In this Norah, 14 months, is definitely a "normal" child. She's great at boundary testing. Actually, she's gone pro. (I wonder if the all-star salary will follow? :) Nod your head if you've experienced a toddler wrenching her body away from you so she can get down and go, even if it does involve a long fall down. Her independence is comical at times, though. Yesterday she was sweeping the floor with her kiddie broom while I worked the grown-up version. Then Ethan had to go potty, so she followed him into the bathroom. Three seconds later I found her stirring the toilet water with her broom. Yuck!


"No, Norah!"


That tag line follows so many actions these days. Then come the tears, the comforting, the redirection. And I got to thinking, this is a lot like how grown-ups act with God.


We need boundaries, too. But you're not going to find many who'll admit it. Have you ever seen a kid asking to have less candy, or asking for his toys to be taken away? It's just not human nature. And the problem is, there is nobody to tell us adults that we're out of line. Imagine if someone told you to cool it- you'd give 'em a piece of your mind or ax that acquaintance.

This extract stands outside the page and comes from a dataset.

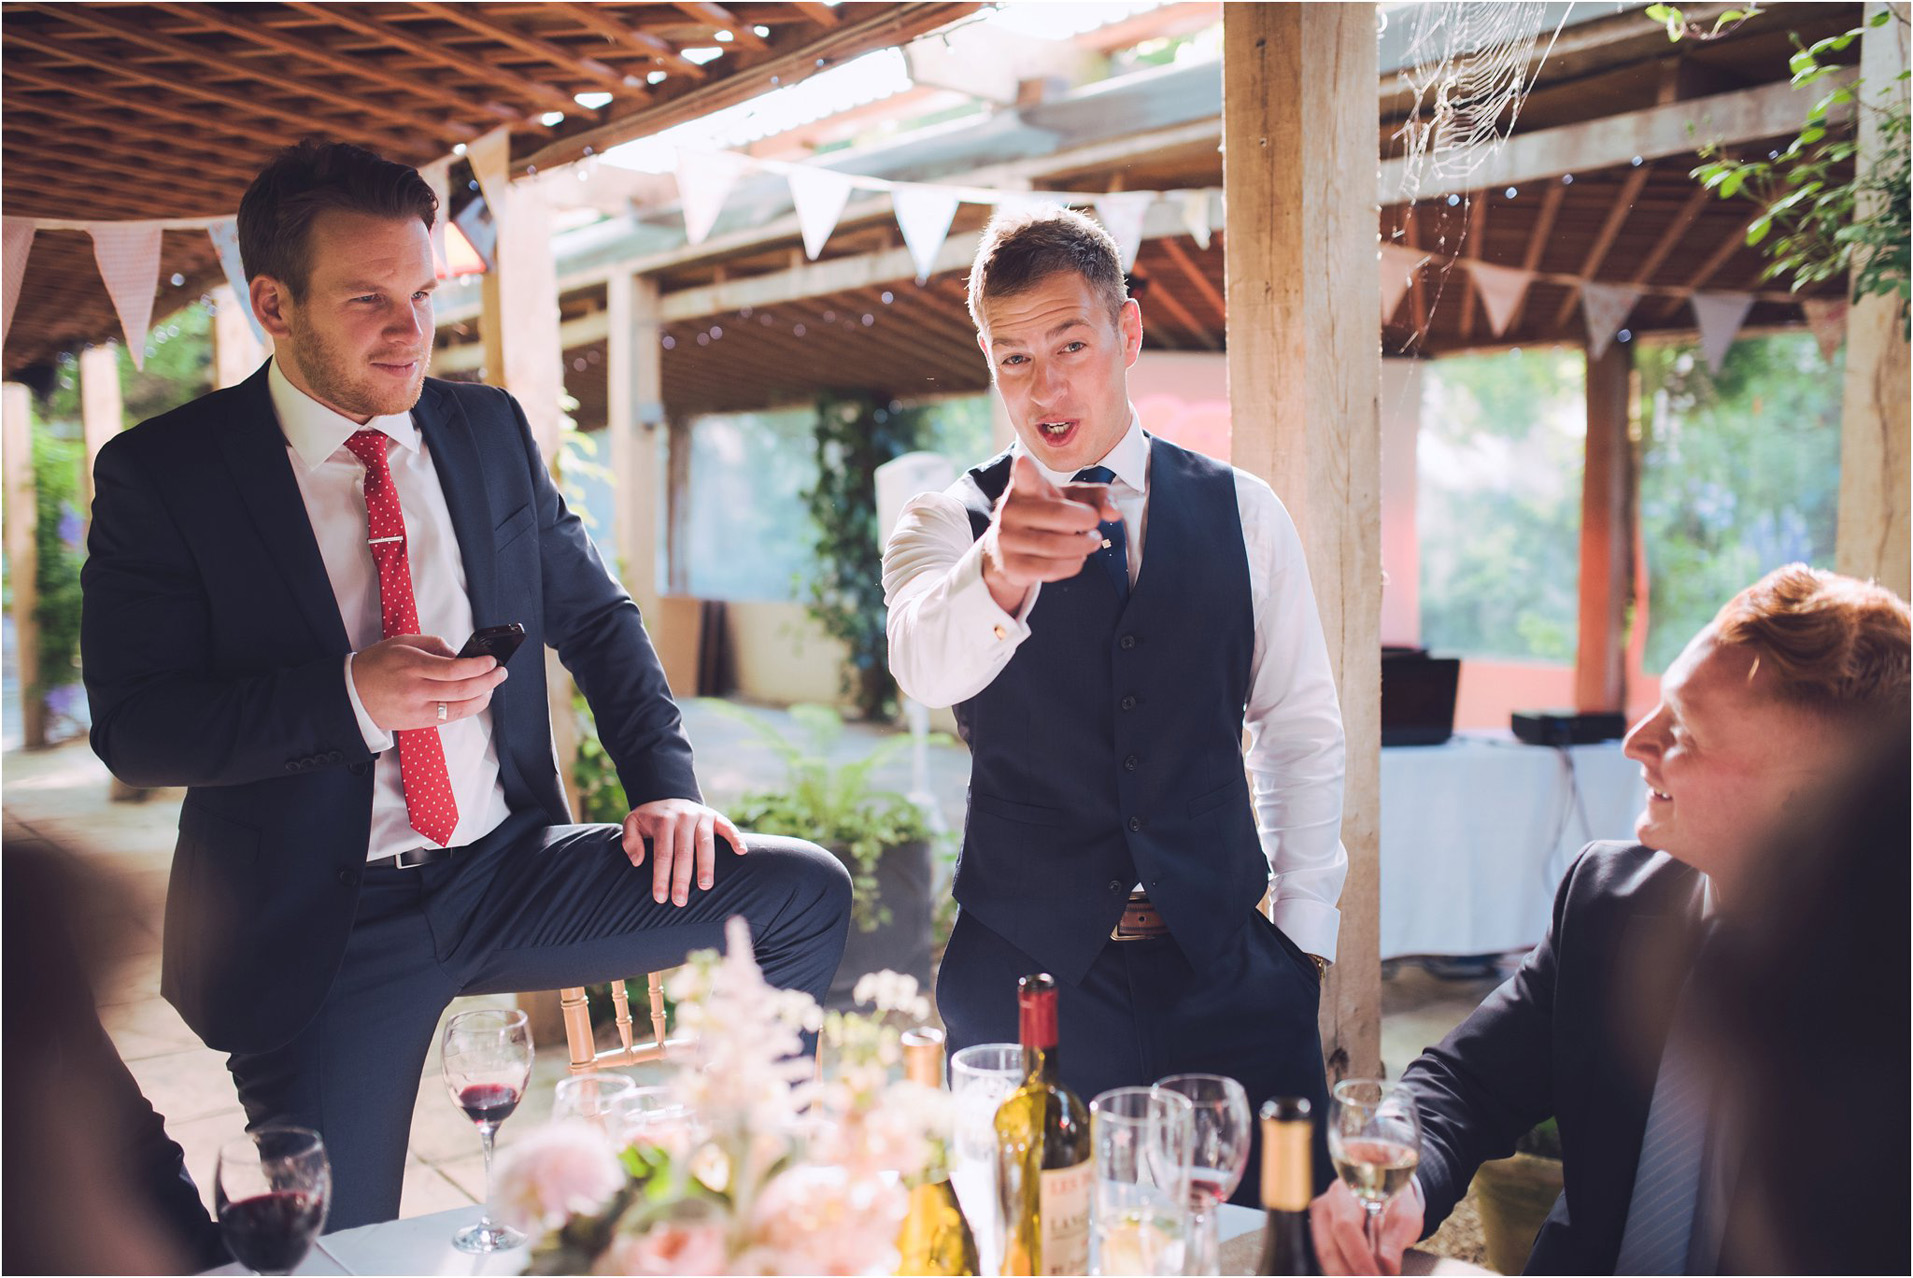 Simon biffen wedding photography 0122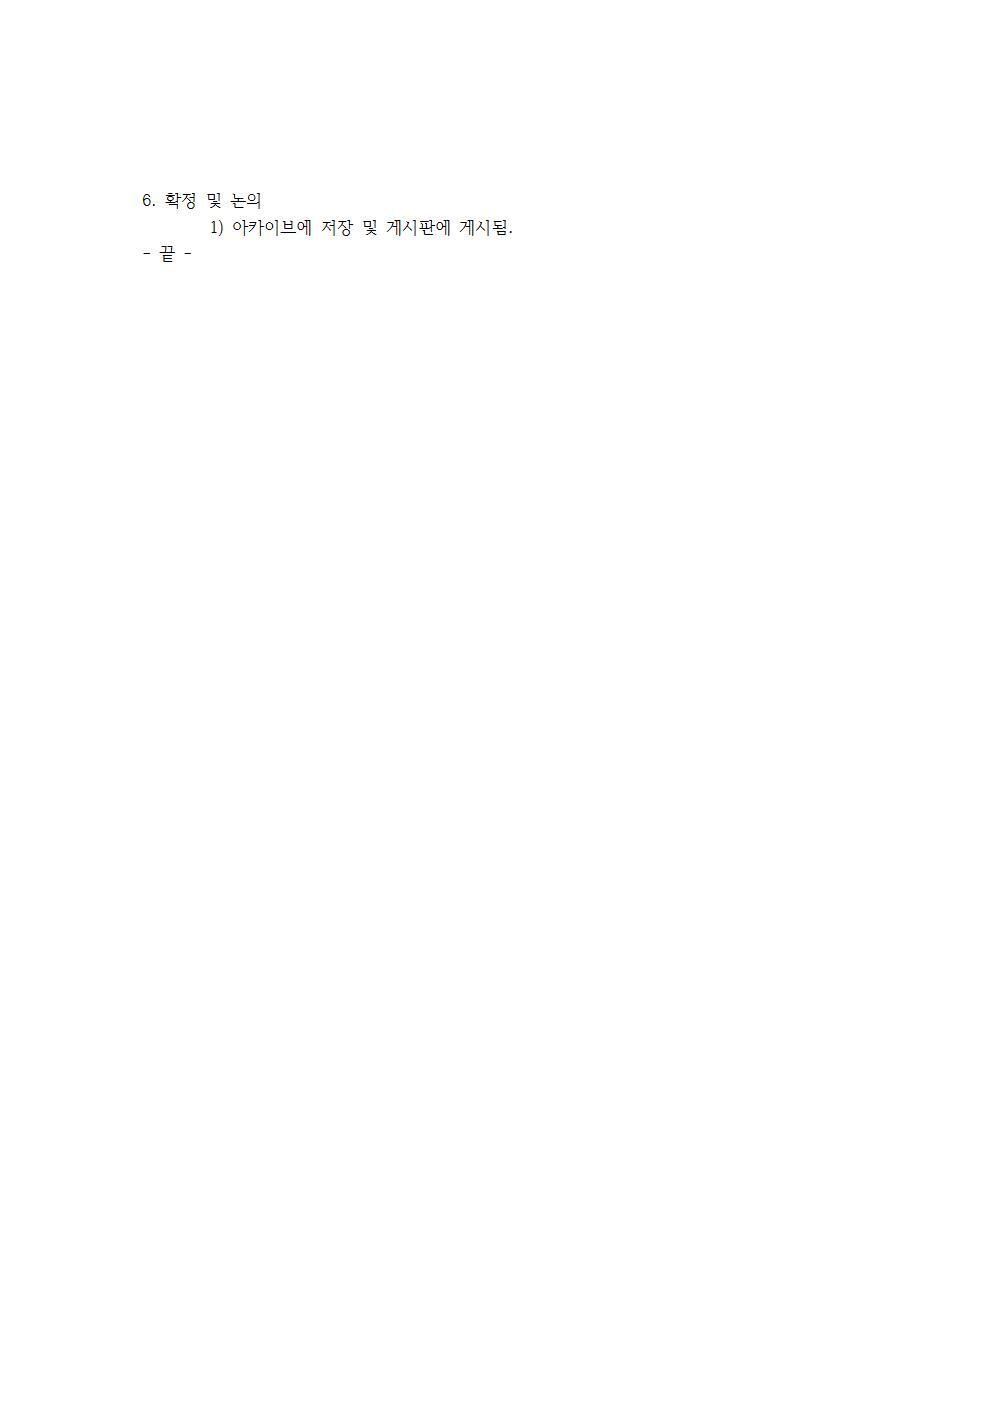 D-[17-005-RD-01]-[SAVE 2.0 ADOxx]-[YB]-[2017-12-16]002.jpg

I'm just coming off of a week without boundaries. Vacation. No kids. No bedtime. Just me and hubby in romantic Quebec City. A vacation is a time when you can follow your whims, do as your heart desires, right?


Then how come I felt so lousy on day #4?


In retrospect, that was the day I stopped doing my devotions. Day #4 was the day I got on my husband's nerves and had to pull out the 'ol PMS defense to get some sympathy. I let my boundaries slide. Back home, God and I were in a good place. Bible reading, devotions, prayer, reflection. These all helped keep my mind focused on him. But out of the routine it was hard to stay focused. I found myself coming up with excuses to skip the devos. And when I follow my feelings I get in trouble.


So I spent today getting back in with God. He got to hear it all. Psalm 145:18 says, "the Lord is near to all who call on him, to all who call on him in truth."


God has drawn lines in my life. Don't step over these or else...time out! And for this grown-up mama, a time-out means a tired, over-whelmed body. But when I call on God and we let it all out everything gets put into perspective. Suddenly priorities are dramatically changed and energy is renewed.